At first, when maid just informed about the suicide, I saw my sister’s face turned pale. She told that last night when she was coming back from office (evening shift ) around 2 AM a girl-not so well dressed – carrying a bag approached her near the lawn and asked for help in fluent English. Smelling it foul, my sister politely refused her to which she smiled and went away. Yes, you guessed it right, my sister was one the two persons who met that unfortunate girl that night. Initially we thought that sis saw some spirit (!!!) after the girl’s death but later when maid narrated the complete story then was able to relate the chain of events.
Anyways it was a Monday and that time I had a Sun-Mon week off. On Tuesday, when both my hubby and sis left for work I went to bed around 5 PM for a couple of hours sleep before night shift. Somehow, I was not able to sleep and thoughts about that girl constantly hovered on my mind. Anyways, went to office with sleepy eyes. On Wednesday, I came back around 9AM. Body was aching and eyes were half closed. Still I managed to cook something and ate it. With the thought that I would compensate the yesterday lack of sleep with more hours today, went to bed. Strangely, I was not able to sleep again. Believe me, it was horrible feeling that every inch of your body is dog-tired and want to sleep but somehow mind is fully awake & alert and not allowing you to sleep. Why my mind was so alert? Felt as if someone is constantly keeping a watch on me. Surprisingly, I didn’t felt it while cooking or watching T.V but only when I tried to sleep.
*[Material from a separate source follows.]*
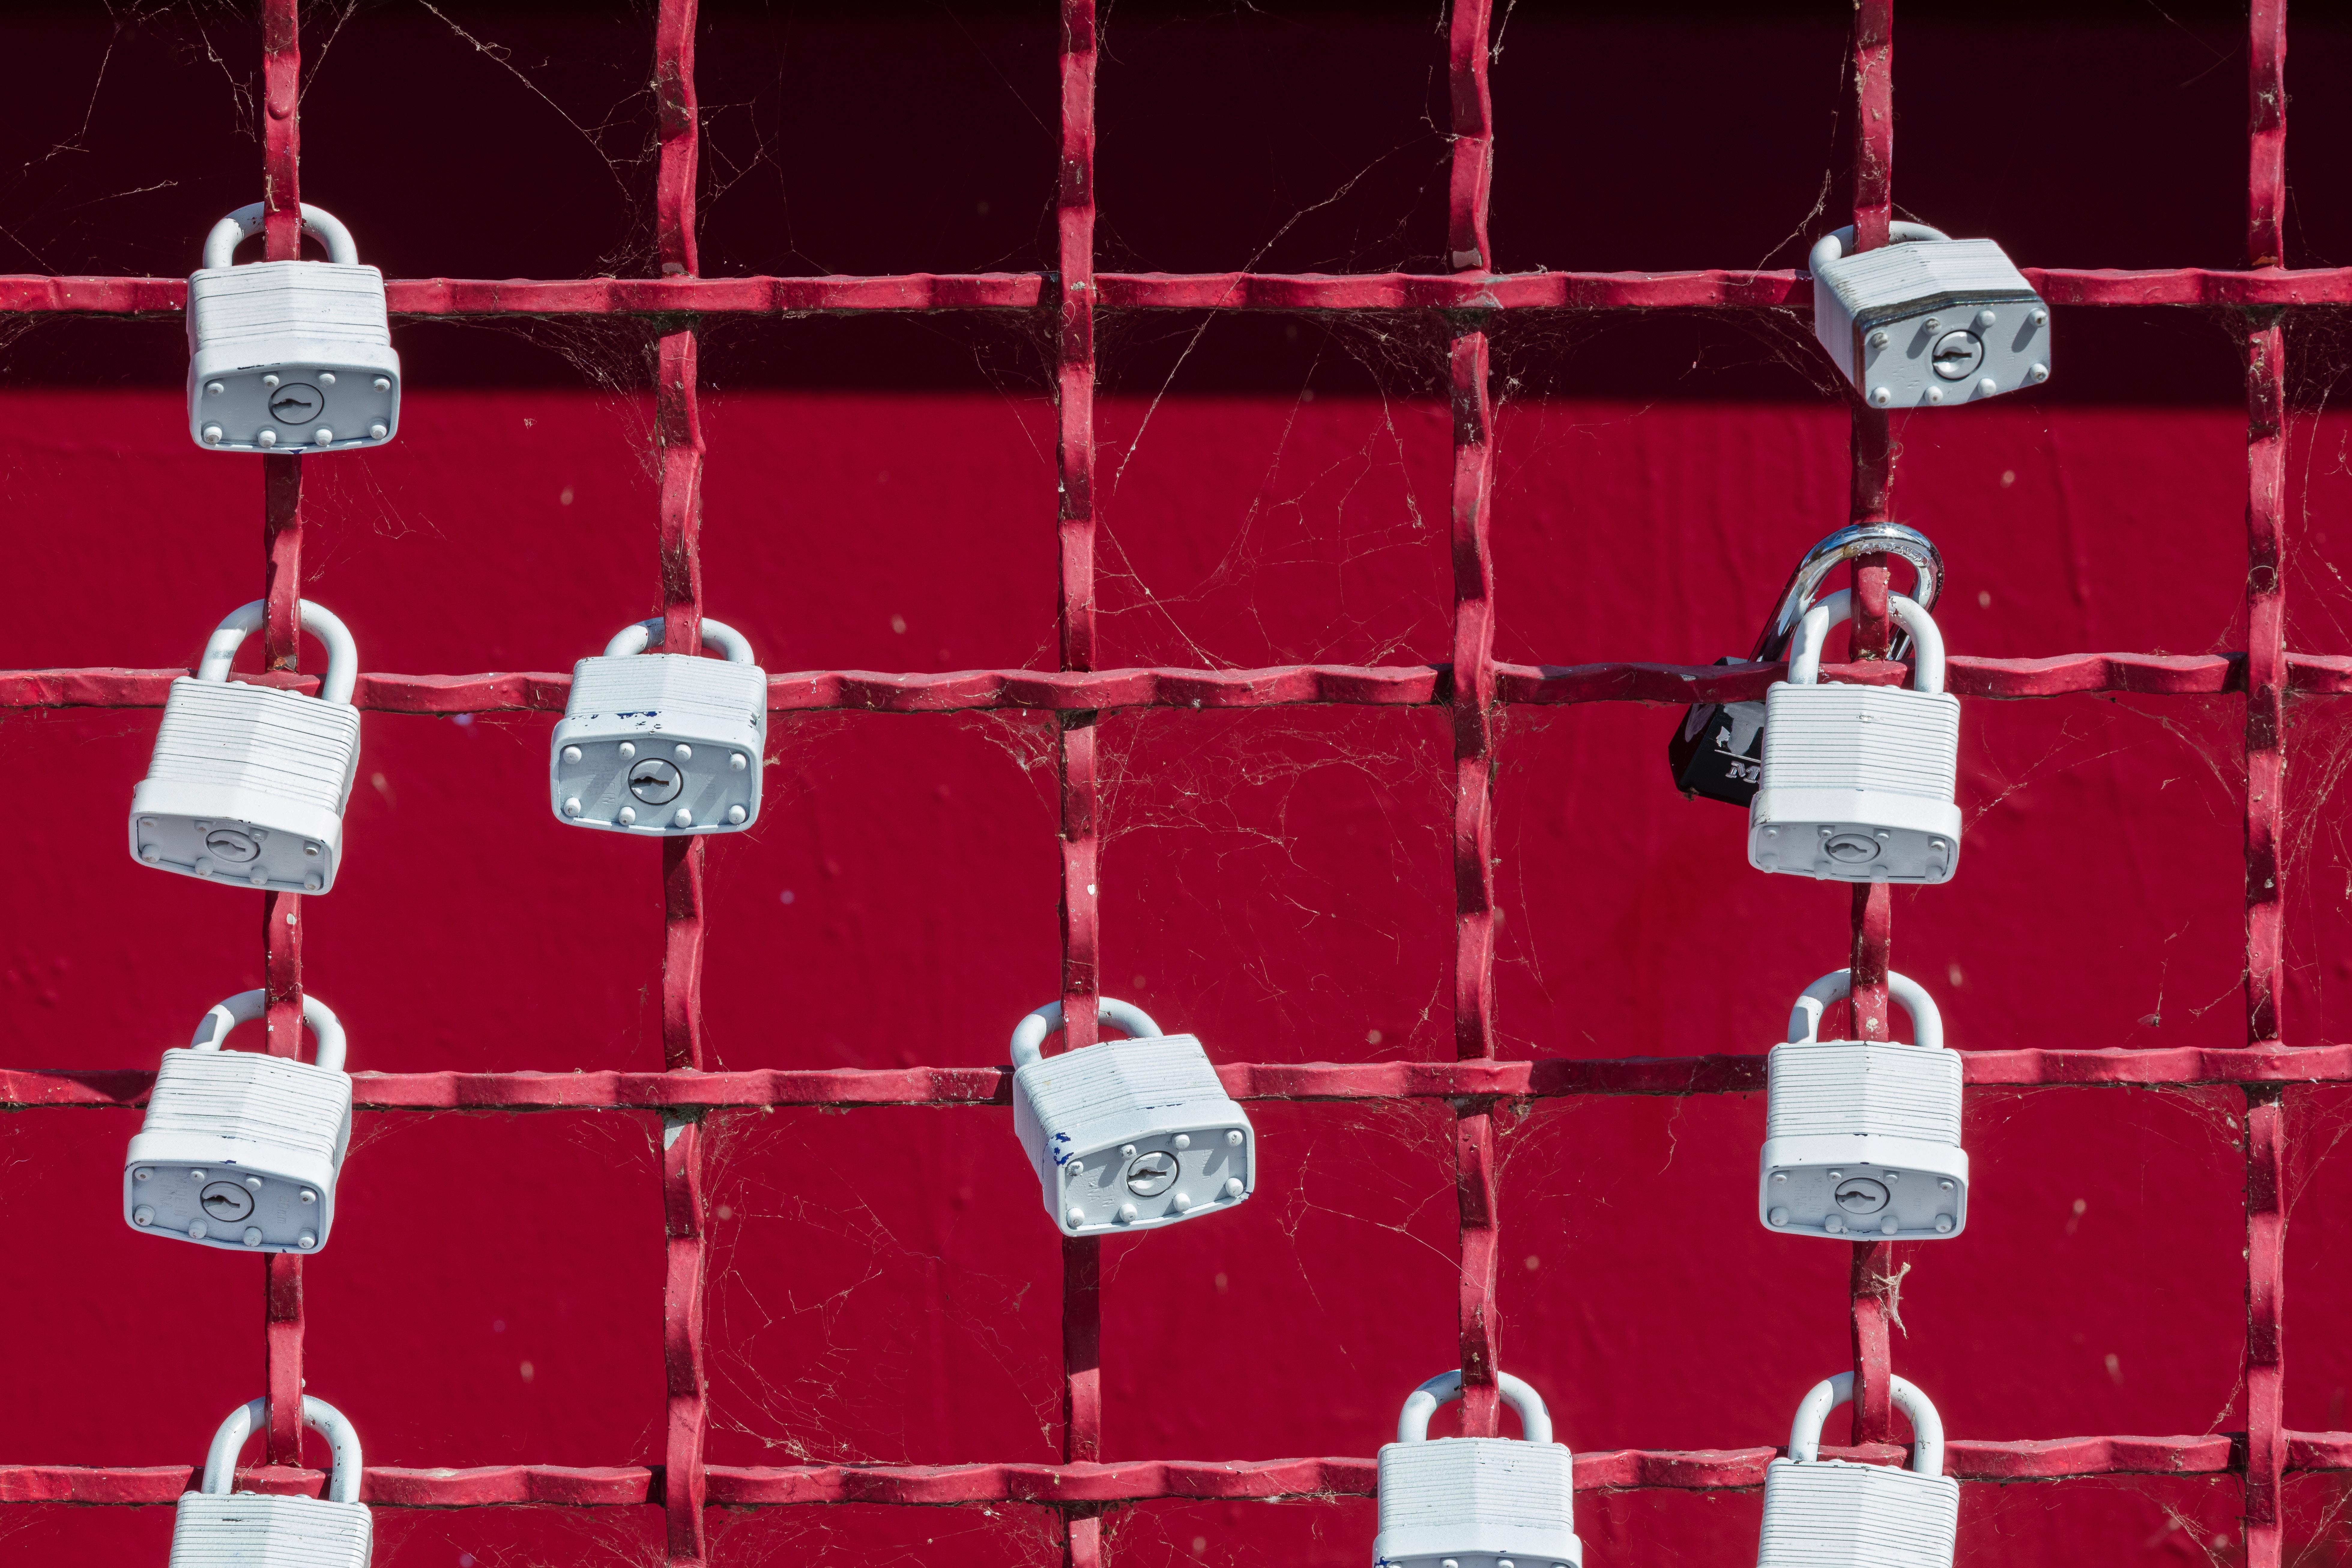 Security Tokens: The Next Crypto Revolution

I discussed this with my hubby over phone and he counseled and tried to boost my morale. I was reluctant to discuss this with others as thought they might make fun of me!! So, I literally dragged myself to office on Wednesday night where my supervisor asked me to go back home as office sick room was under maintenance, but I was scared to go back home. Thursday, again the same thing happened, it was the third day when I had no proper sleep but just few minutes of nap in the office cab. Then in the evening, desperately I called one of my colleagues who stayed in the same society and requested him to let me sleep at his place. I slept for about 3-4 hours there and felt better. From Friday onwards my shift changed and it was quite similar to that of my hubby’s shift so I didn’t have to sleep alone in the house.
Gradually after some time, situation came back to normal. But still I woder what happened to me that time? I generally do not think much about those topics which my logical mind does not support, so cannot comment much about the reason. Might be possible that subconsciously I was thinking too much about that girl therefore while my conscious mind wanted to take rest but sub-conscious one was on thinking mode. Might be it was just a state of mind!! What do you say???